Sound Memory: The memory style has changed from a chip style to a Micro SD memory card. This allows for much
greater space for larger sound files, and ease of use. The V4.1 memory was 8mb total for all 6 stock sounds. The ASPIRE
sounds will be approximately 110mb per engine sound! This allows for much higher quality (16 bit 44K CD quality), longer
engine loops, and overall better performance.
Expansion: The ASPIRE has an expansion port for a future "combat module".
ASPIRE Layout Image:
ASPIRE Connection Image:
The ASPIRE is designed to work with most common radios. However, differences in radio brand, model, and ESC brand
and model may affect the start up and shutdown point. Because of these many differences it may be necessary to tweak
your start and shutdown points.
The easiest way to tweak these settings is to use the throttle trim for start up and shutdown. By using the throttle trim, you
can also eliminate the accidental initiation of the shutdown sound while in flight.
Begin with the motor disconnected if possible, or at least with the prop off for safety reasons. Most likely it will take some
messing with the throttle end point settings and sub-trim.
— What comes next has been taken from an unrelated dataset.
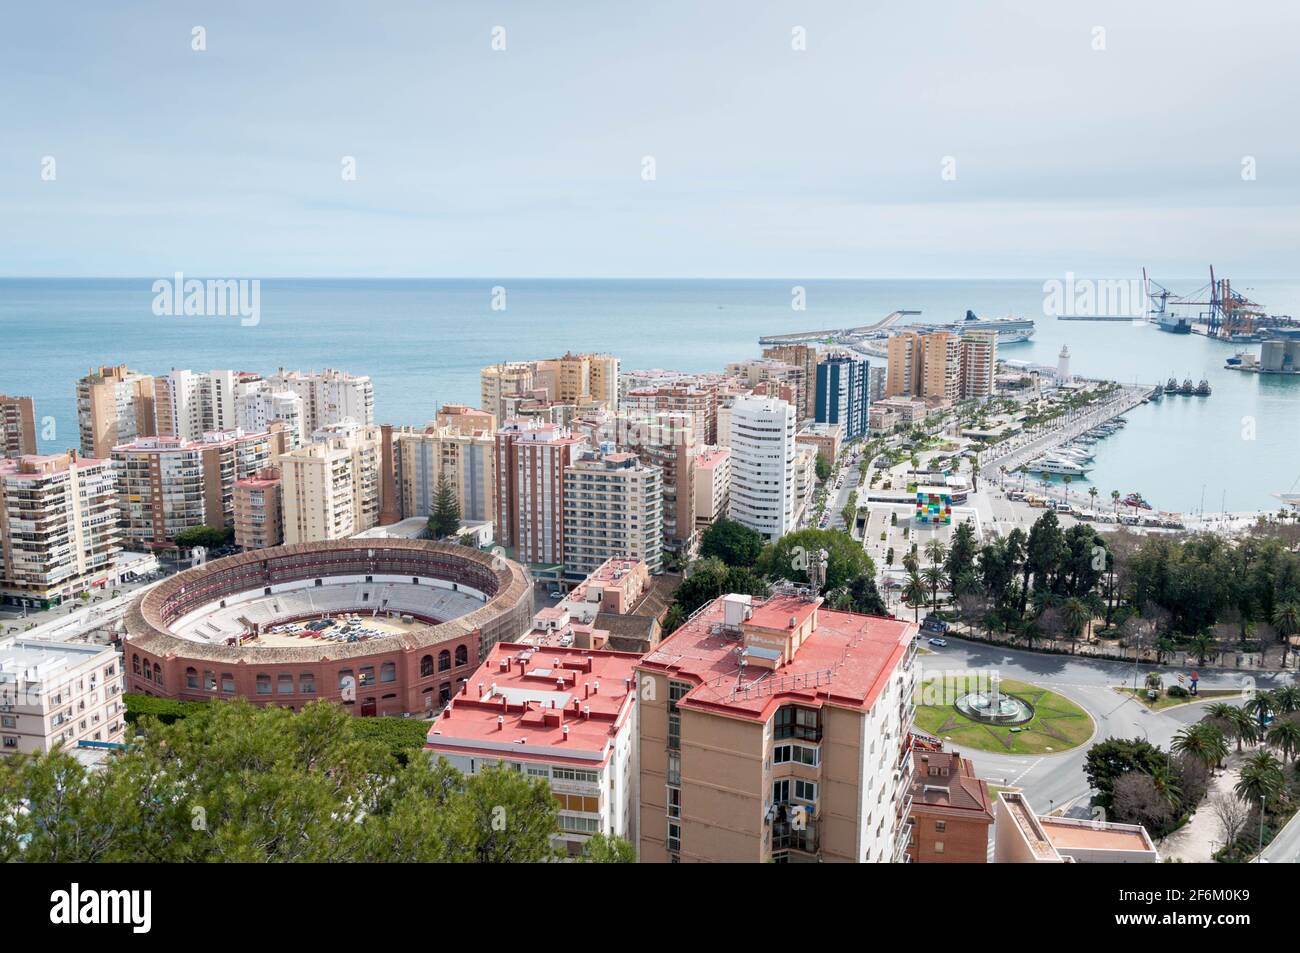 A bird's eye view over Malaga, Spain Stock Photo

Start with the throttle trim about half way, you may need to go lower depending on settings. Advance the trim until the start
up sound begins. This is usually 4-6 clicks of trim from it's start point. By using end points, and sub-trim you should be
able to get the motor to start about the same time. Once the start up sequence begins, give the trim 1-2 clicks more and
leave it there until the start up sound has finished. For ease of use all start up sounds are 10 seconds in length. Once the
start up sound ends, the ASPIRE will go into the idle sound, and if you timed it correctly your motor should be in an idle as
well. This prevents the sound card from accidentally running the shut down, when the throttle stick is in the low position.
The RPM range should now work with the main throttle stick. If you are hitting high RPM well before the motor is at high
RPM, it may be required to change the throttle upper end point.
For shut down, bring the main throttle stick to the low position. Then reduce the throttle trim until the shutdown sound
begins and the motor spins down. The shutdown sound sequence is 6.5 seconds in length. This length of time is about the
same time it takes most motors to wind down, if the brake is disabled on the ESC.
Volume: The volume knob is located along the back edge of the board, the opposite end of the speaker connection ports. It
is slightly recessed so that it does not get turned by accident. You can turn the knob left and right by getting a fingernail or
small screw driver on it. The volume has been preset to full. Aux. sounds: The Aux. sounds are associated with the ports on
the main board labeled Servo2-4. Each one can be associated with a separate RX channel and switch or knob on your radio.
The Aux. sounds only trigger in one direction, so it may be necessary to play with the servo reverse settings on your radio to
enable the sounds properly. Servo2 is always machine gun sound. Servo3 is random radio chatter. The radio chatter is
mostly ground chatter, requesting take off, etc. and is made prior to the engine start up sequence. If used after the engine
sound start up, the ground chatter may not be able to be heard. Servo4 is a single sound, such as "clear prop", and is
dependent on what engine sound is being used. Auto activated sound trigger: The ASPIRE is equipped with a Gyro to
detect dives, and pull out of dives. On some engine sounds a whistle is automatically triggered when pulling out of a dive.
It is designed to be be subtle, but hear-able, as close to the real whistle created by some planes. There are no settings for
this function, it is all automatic. Not all planes have a whistle to them, so not all engine sounds have this feature enabled.
We hope you enjoy using the ASPIRE as much as we have enjoyed creating it for you.